Dopo la pandemia si è aperto un dibattito sulle città: il Covid-19 è la sentenza di morte della vita urbana o la spinta a cambiarla? «Ciò che Jacobs sosteneva, e credo sosterrebbe ancora, è che nel momento in cui la gente possiede una comunità di solito capisce che non può permettersi di perderla e fa di tutto per difenderla da ciò che può distruggerla, che si tratti di un virus o di un progetto devastante — spiega Barzi —. A questo riguardo il caso delle centinaia di morti, soprattutto anziani, causati dall’ondata di caldo che aveva colpito Chicago tra il 14 e il 20 luglio 1995, era stato analizzato da Jacobs per individuare un approccio epidemiologico basato sulla comunità che protegge i propri abitanti. Il motivo per cui in un certo quartiere i decessi erano stati solo un decimo di quanto registrato nel quartiere confinante dipendeva dal fatto che in quest’ultimo gli anziani non avevano alcun posto fresco da raggiungere a piedi e avevano paura di lasciare il loro appartamento per via della microcriminalità. Nel secondo caso, una comunità disfunzionale non ha protetto i suoi abitanti».

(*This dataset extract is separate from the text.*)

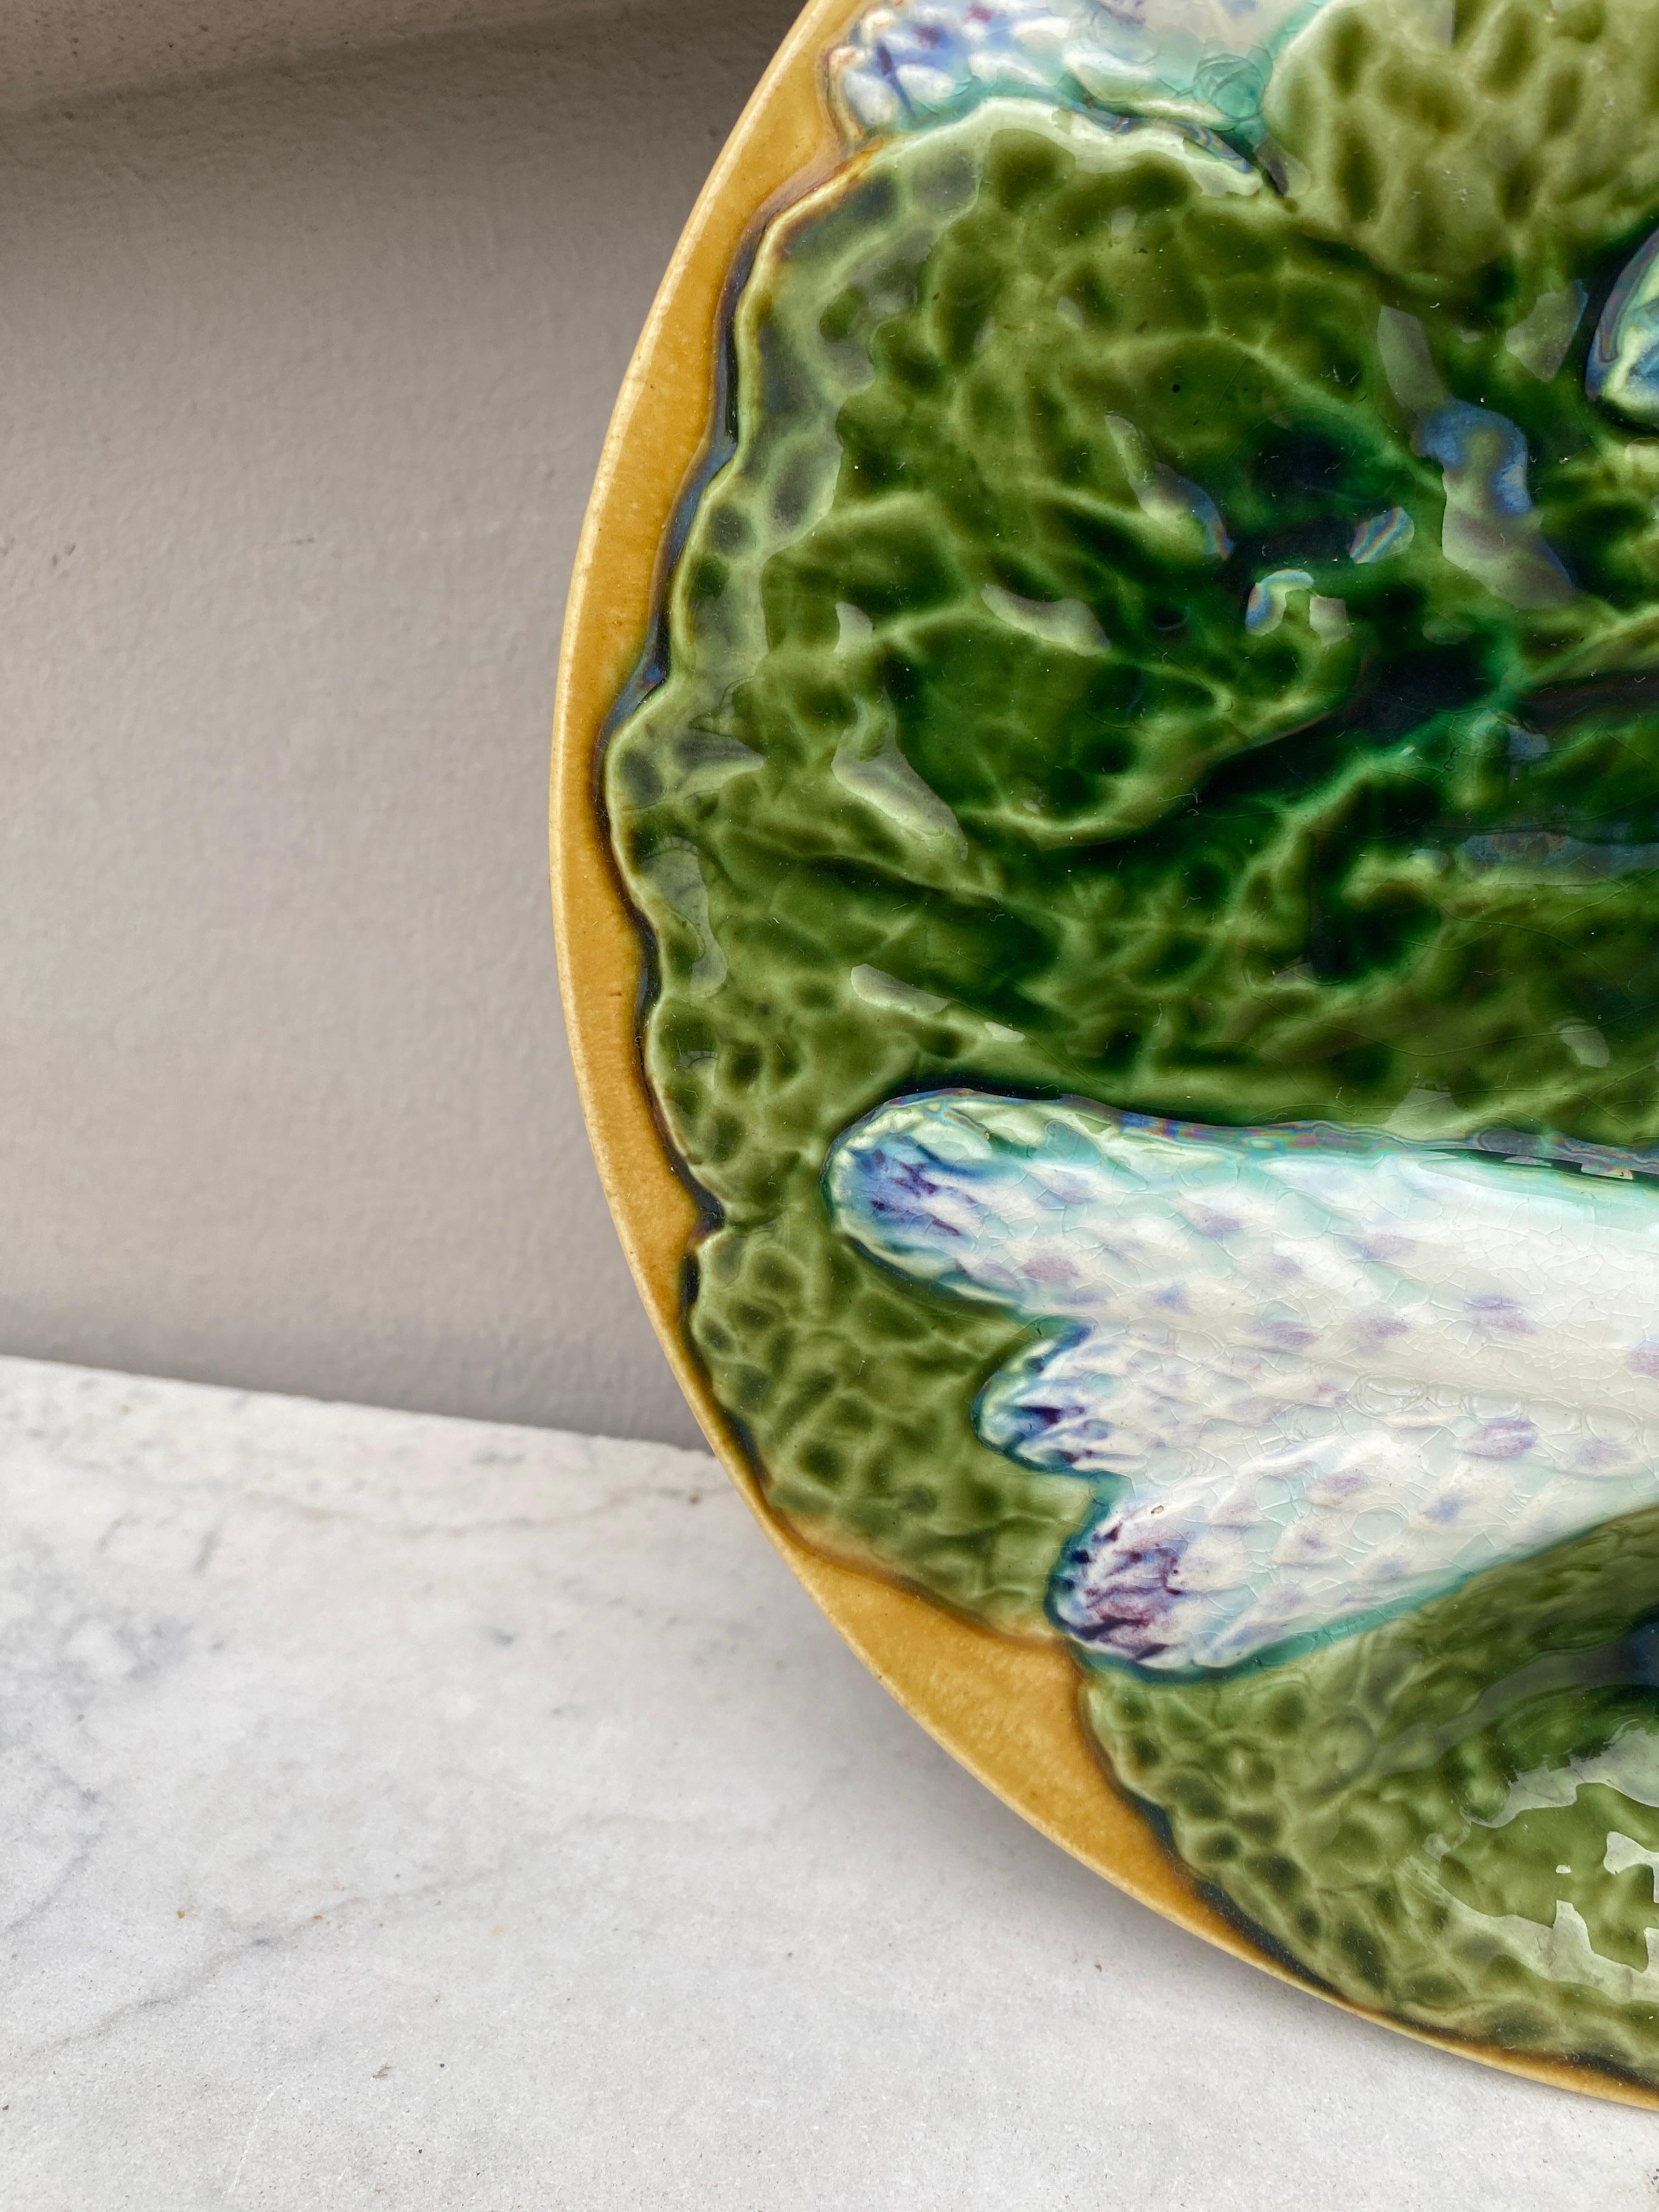 Unusual 19th century majolica asparagus plates with large green cabbages leaves on a yellow background (usually on blue background), very colorful plates made by the Manufacture of Creil and Montereau.
This manufacture didn't produced a lot of

Che cosa significa, dunque, ripensare le città? «Non ci salveremo andando a vivere in massa nelle villette unifamiliari se poi siamo costretti a concentrarci nei luoghi di produzione e di consumo delle merci», sottolinea Barzi.

La lezione di Jacobs è che bisogna pensare al futuro «attraverso la messa in pratica di piccoli piani», non di grandi schemi onnicomprensivi. La studiosa delle città amava citare un architetto di Hannover: «Non dobbiamo decidere su ogni cosa. Dobbiamo lasciare qualche decisione alla prossima generazione. Anche loro hanno delle idee». «Jacobs non usava il concetto di sostenibilità, oggi molto abusato — conclude Barzi — ma ne aveva ben capito il significato».